Top 10 by PageRank (DNS):
  -: 0.0210
  _sleep-proxy._udp.local: 0.0027
  android.local: 0.0026
  isatap: 0.0025
  _googlecast._tcp.local: 0.0023
  _fb._tcp.local: 0.0022
  _raop._tcp.local: 0.0022
  desktop-18ss3ba: 0.0021
  _ipps._tcp.local: 0.0020
  _companion-link._tcp.local: 0.0020


## TODO: DIMKA
Write the code for 
### 1. Community Detection
Apply clustering or community detection algorithms on specific views:
- flow → group IPs that communicate frequently
- dns_query → group IPs that query similar domains (suspicious beaconing behavior?)
- http_request → group clients based on similar URLs

### 2. Node Centrality Analysis
Compute betweenness centrality, eigenvector centrality, or PageRank on:
- Flow view → who routes/relays the most traffic?
- DNS view → which domains are queried the most?

### 3. Node Feature Extraction for Classification  
Use the graph structure to extract features for IP nodes and apply supervised machine learning to classify them as normal or malicious.

- Use the existing `label` and `attack_type` attributes from the `flow` view as ground truth.
- Generate per-node features across different views to capture behavioral patterns.
- Train a classifier (e.g., Random Forest, XGBoost, or MLP) to detect malicious IPs.

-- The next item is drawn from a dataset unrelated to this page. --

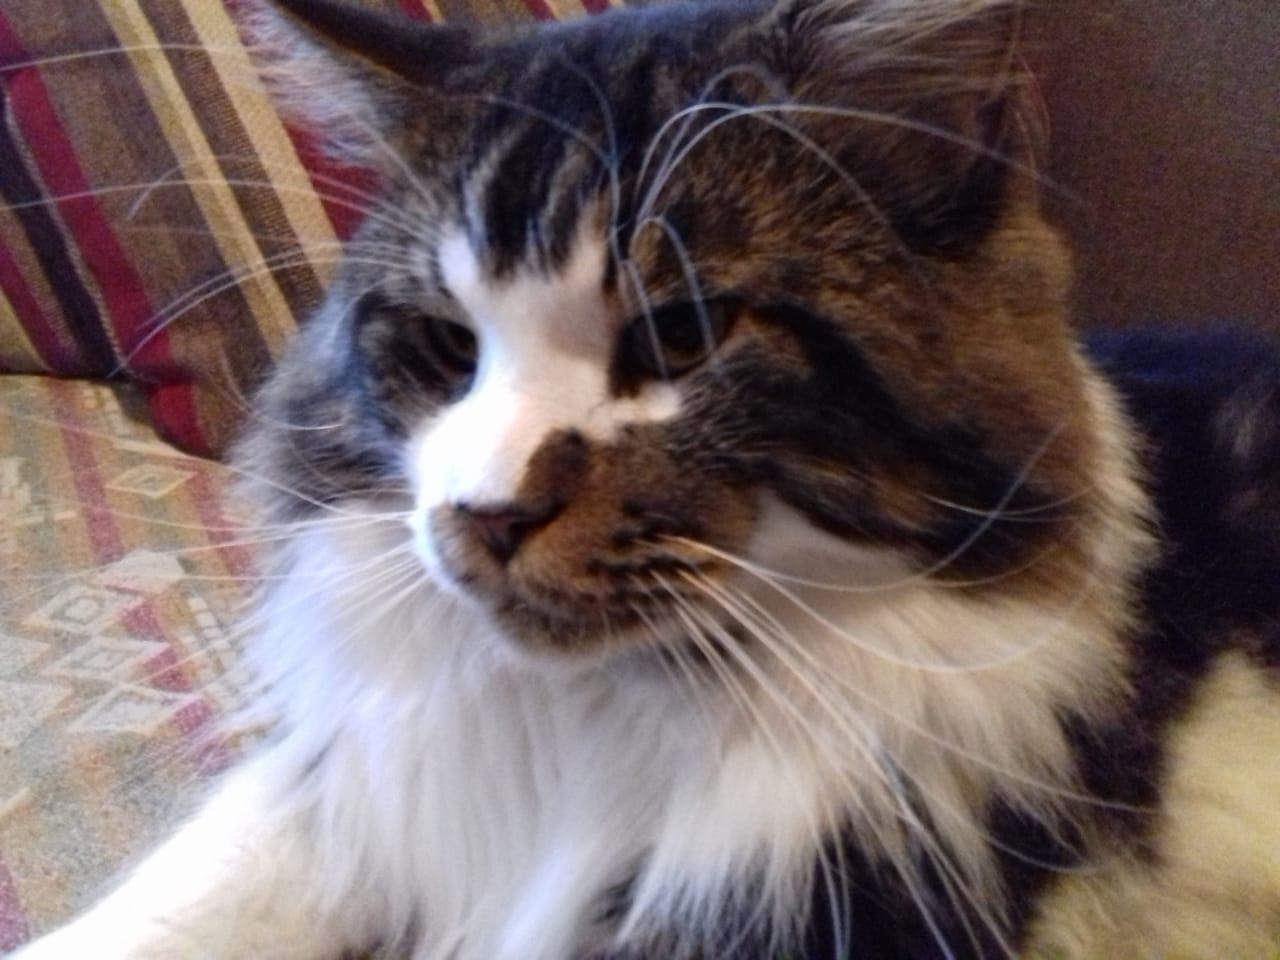 Как кошачий красавец мейн-ку́н смог  обидеть хозяйку  и  при чем тут  мой РОФЭС?
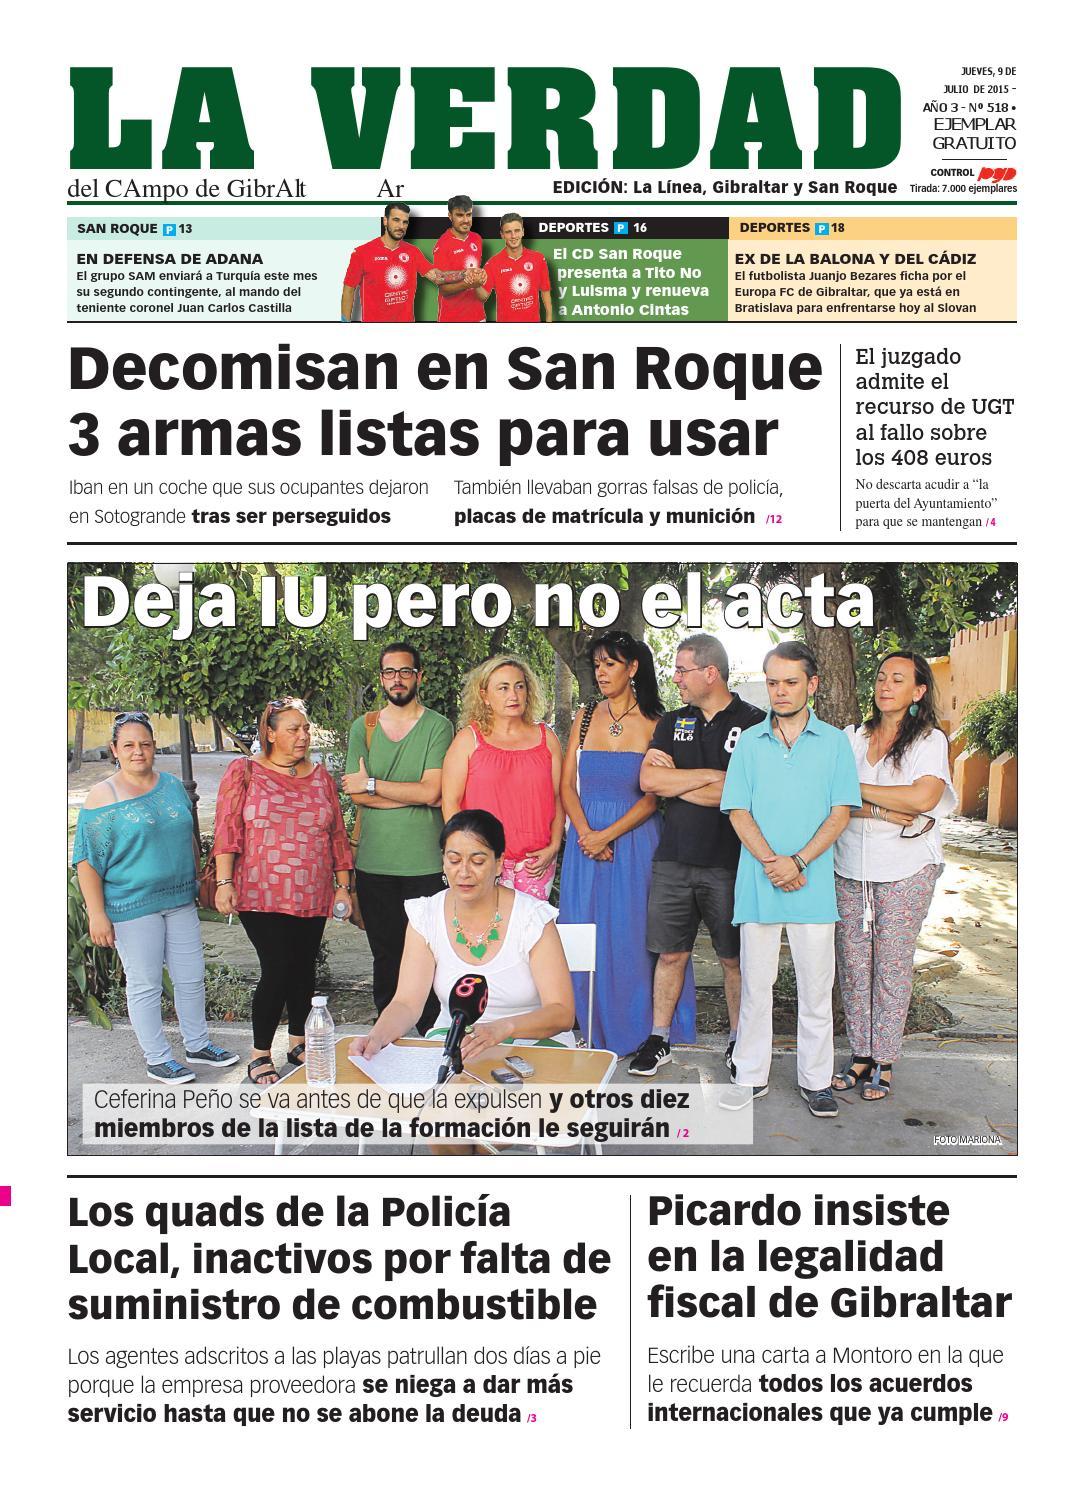 Actriz Porno Nacida En Gibraltar la verdad la línea 9 julio de 2015la verdad del campo de

Feature ideas for each IP node:

| Feature                               | Description                                                   |
|--------------------------------------|---------------------------------------------------------------|
| Degree / in-degree / out-degree      | Number of total/initiated/received connections (flow view)   |
| Number of distinct queried domains   | From `dns_query` edges — indicates domain diversity           |
| Number of protocol violations        | From `protocol_violation` edges — potential misbehavior       |
| Most common HTTP status codes        | From `http_request` edges — could signal probing or scanning  |
| Avg. bytes sent/received             | Captures traffic volume per connection                        |
| PageRank / betweenness / eigenvector | Centrality in communication network (flow view)               |
| Clustering coefficient               | Measures tightness of local communication                     |
| Number of SSL subjects or issuers    | Captures breadth of contacted certs (SSL-related views)       |

Usefulness: Enables explainable, graph-based threat classification using traditional ML pipelines. Serves as a strong baseline and complements centrality/community detection.